Честно говоря, меня удивляло все.
– А это – Гришка. Он – архитектор, – представил нашего друга Влад.
– Будущий, – покраснел до корней волос Гришка. И от неловкости достал какую-то мятую и растаявшую конфету. И протянул Капе. – Хочешь?
– С удовольствием, – она зашелестела фольгой. И тут же ее проглотила. Не удосужившись вытереть шоколад у уголков губ. А я про себя отметил, что у нее к тому же неровный и искусанные ногти. Истеричка, неврастеничка. Сделал я вывод.
– А это… Это Николай… Никколо. Можешь звать его Паганини.
– Он – будущий музыкант, – продолжила за Влада Капа. Хитро сощурив янтарные глазки.
– Ты случайно по совместительству не телепатка? – съязвил я.
– Увы, – она развела маленькими ладошками. – Просто нужно быть круглой дурой, чтобы не догадаться.
Влад рассмеялась.
– Ну, да для музыканта главное – длинные волосы.

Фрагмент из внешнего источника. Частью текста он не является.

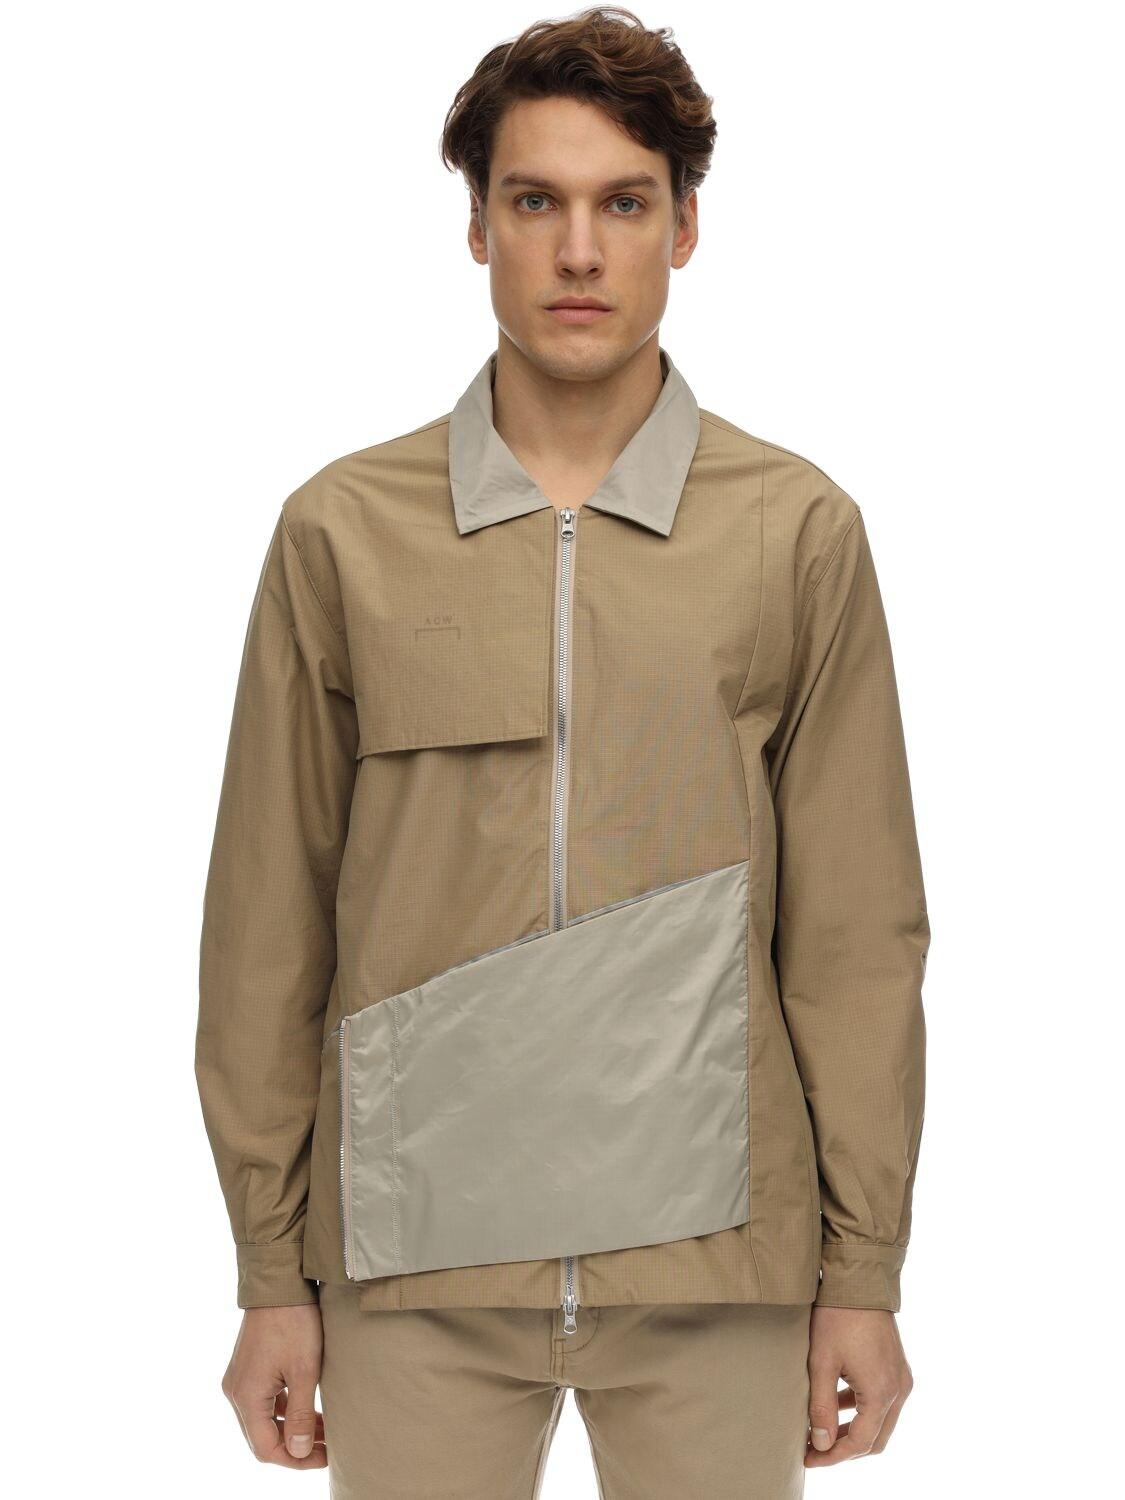 Converse A-cold-wall Coaches Jacket in Beige (Natural) for Men - Lyst

– Длинные пальцы, – нахмурился я.
Капа вздохнула.
– А я, если честно, обожаю лысых. Ну зачем мужику длинные волосы? Если они уже есть у женщин. Жаль, что среди вас нет лысых.
Среди нас, действительно, не было лысых. И мы пожалуй об этом нисколечко не жалели.
– А в ней что-то есть, – неожиданно выдавил Гришка, когда Капа скрылась за углом дома.
От Гришки я такого не ожидал. И покрутил пальцем у виска.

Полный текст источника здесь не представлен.